Сначала он сопротивлялся, и я чувствовал, как его сознание пытается ускользнуть, но арфа уже нашла ключ к этому мозгу и не позволяла ему уйти. Неумолимо она тянула его к жизни.
Искорка заколебалась, пропала, вновь стала ярче. Громче запели струны. Громче стал рев волнующихся вод.
Еще выше зазвучала резкая нота, чистая как ледяной, звездный свет.
Музыка соткала паутину, заполнившую собой всю комнату.
Паутина зашевелилась.
Обернулась вокруг Гаста Райми!
И вновь в его выцветших, голубых глазах появилась искорка жизни. Он перестал бороться. Он сдался.

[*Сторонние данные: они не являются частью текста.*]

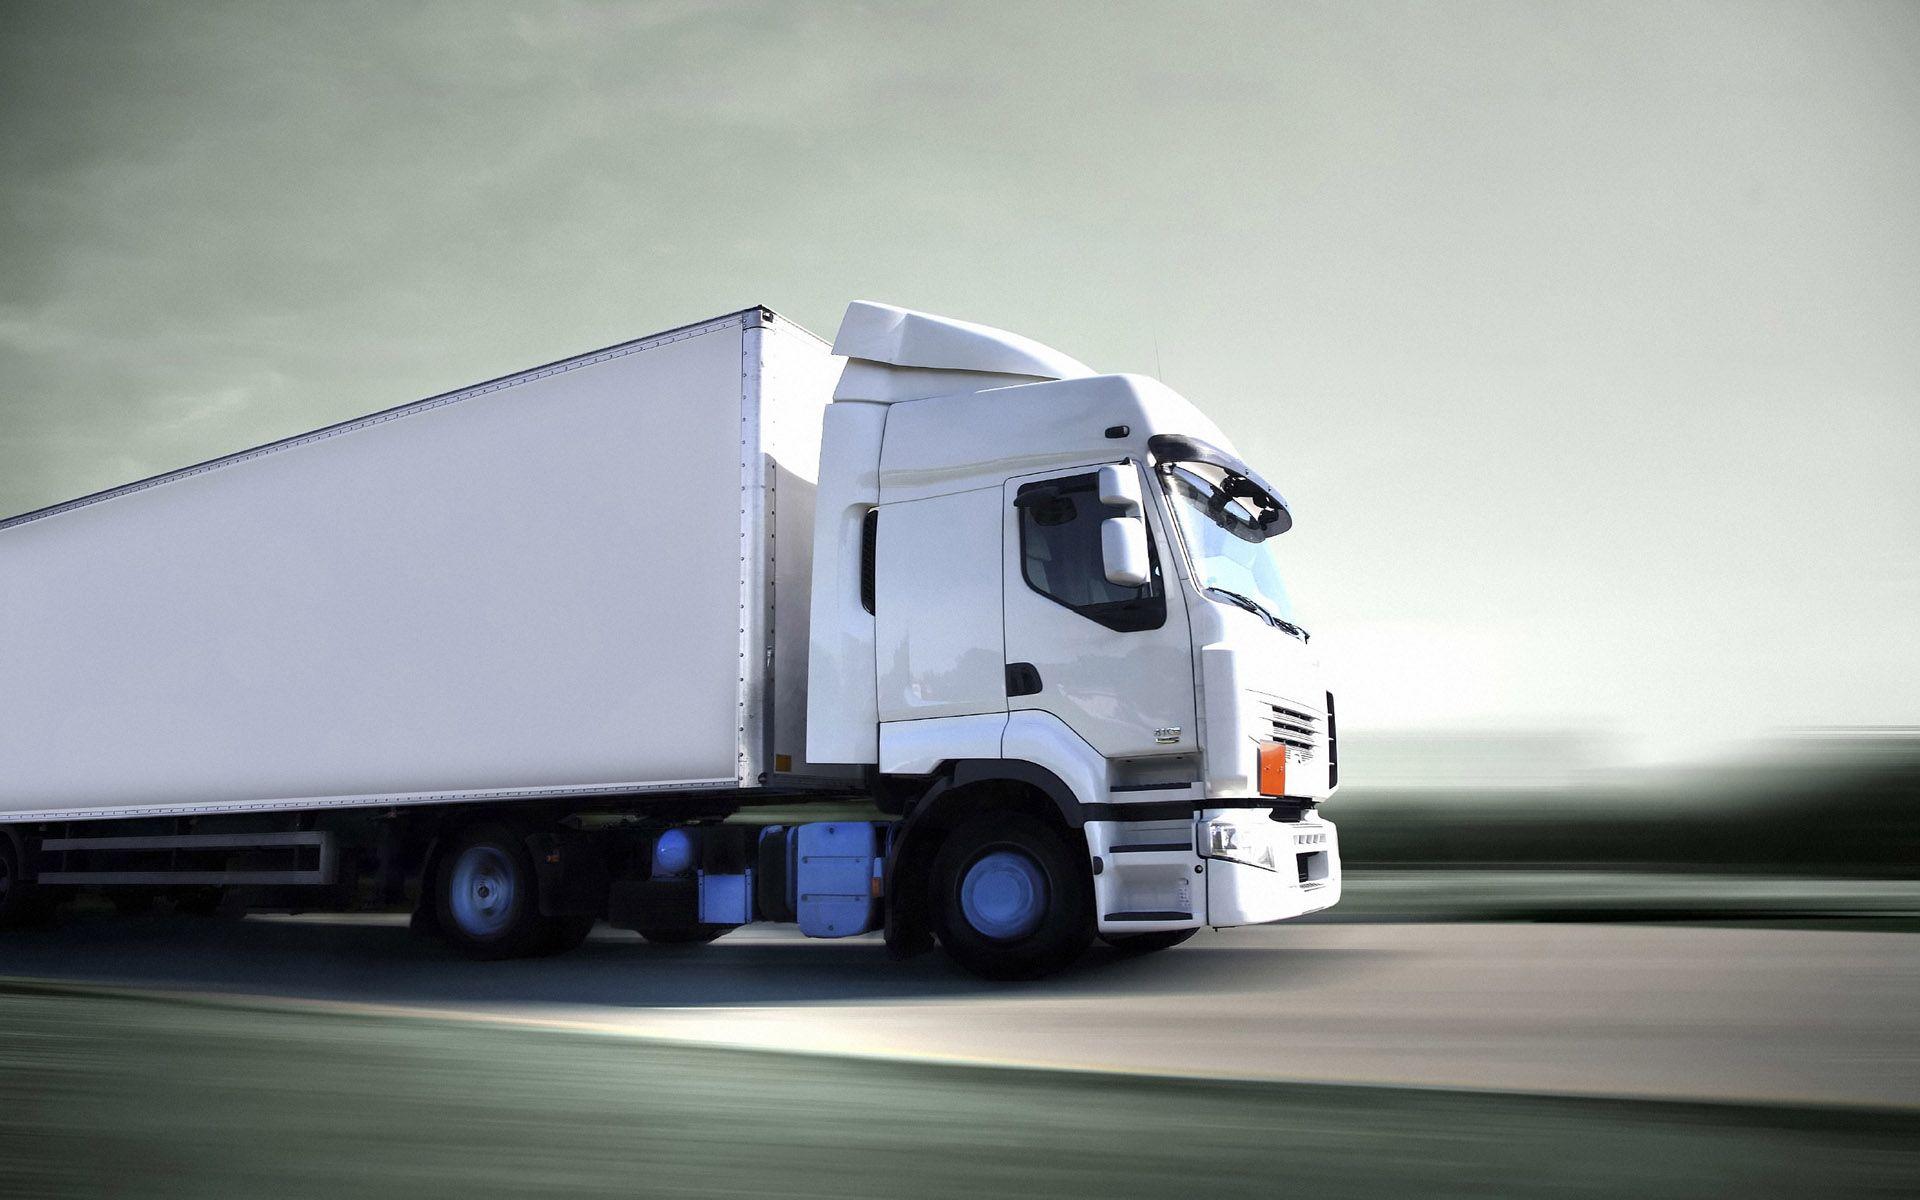 7a79a600bfdfd8a8819613d7b245f717 - Curso de Capacitación para el Transporte

Ему легче было вернуться обратно к жизни и позволить мне расспросить его, чем бороться с поющими струнами, которые захватывали в плен душу человека.
Бледные губы белобородого старика задвигались.

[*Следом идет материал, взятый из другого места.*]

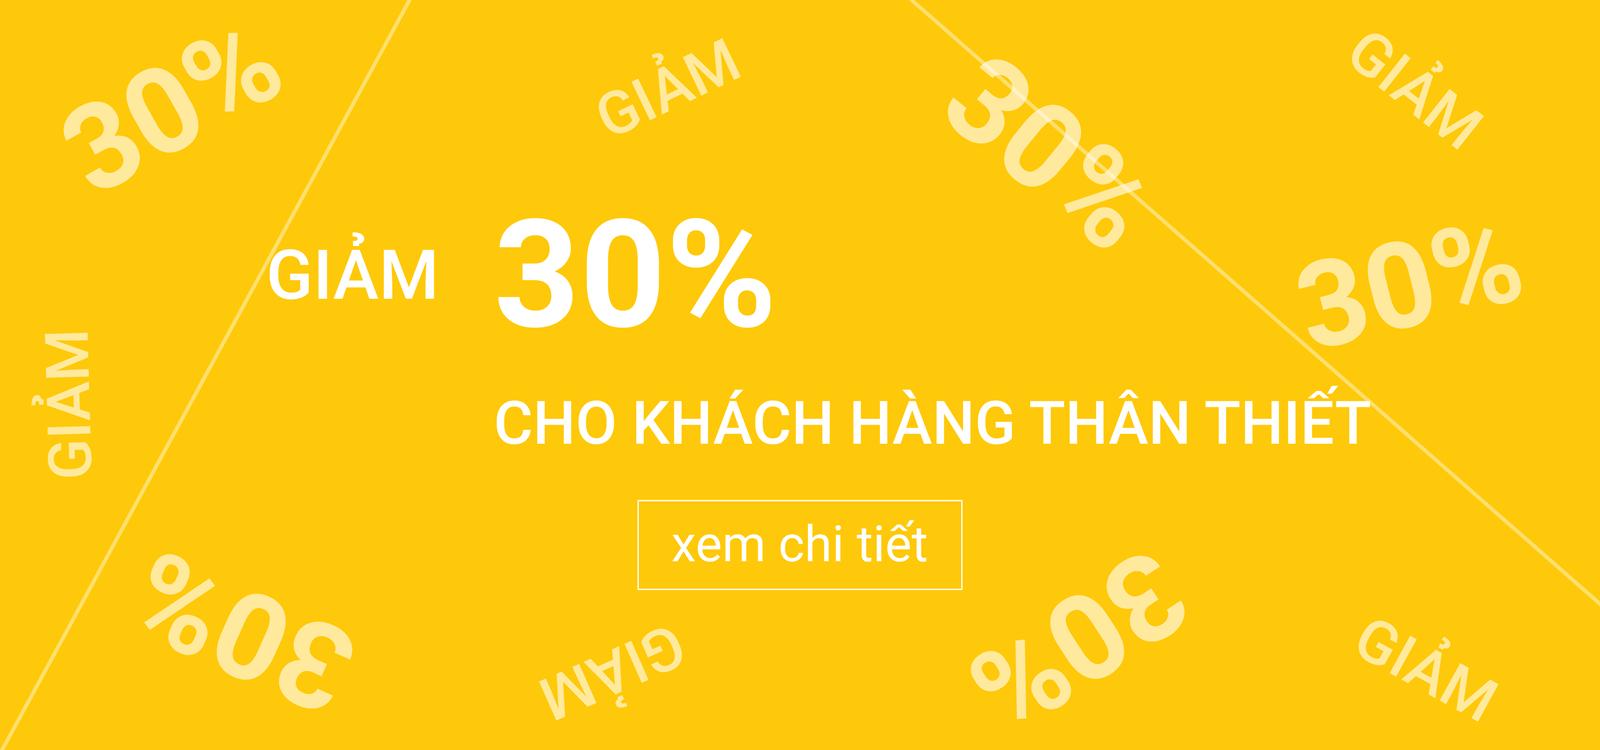 chuong-trinh-giam-30-%-cho-khach-hang-than-thiet

– Ганелон, – сказал он. – Я знал, кто играет на арфе. Ну что же, задавай вопросы. А затем позволь мне умереть. Я не хочу жить в дни, которые должны наступить. Но ты будешь жить, Ганелон, и тем не менее ты тоже умрешь. Это мне удалось прочитать в будущем.
Белая голова низко наклонилась. На мгновение Гаст Райми прислушался, и я прислушался за ним.
Сквозь раскрытое окно продолжали доноситься звуки свирепой битвы.
13. Война – кровавая война
Жалость захватила меня. Тень величия, которая окутывала Гаста Райми, исчезла, Передо мной сидел древний, сморщенный старик, и я на какое-то мгновение почувствовал неодолимое желание уйти и дать ему возможность уплыть в спокойные просторы мысли. Я помнил, что когда-то Гаст Райми казался мне высоким, большим человеком, хотя он никогда не был таким при моей жизни. Но в детстве я сидел у ног члена Совета и с обожанием глядел на его величественное бородатое лицо.
Возможно, в нем тогда было больше жизни, больше тепла и человечности. Сейчас же оно было мертвенно неподвижно. Оно больше напоминало лицо бога или человека, который много общался с разными богами и был почти равен им.
– Учитель, – сказал я. – Прости меня, учитель!
Его бесстрастные глаза не зажглись светом, но все же я почувствовал, как что-то в нем дрогнуло.
– Ты называешь меня учителем? – спросил он. – Ты, Ганелон? Много времени утекло с тех пор, как ты склонялся перед кем бы то ни было.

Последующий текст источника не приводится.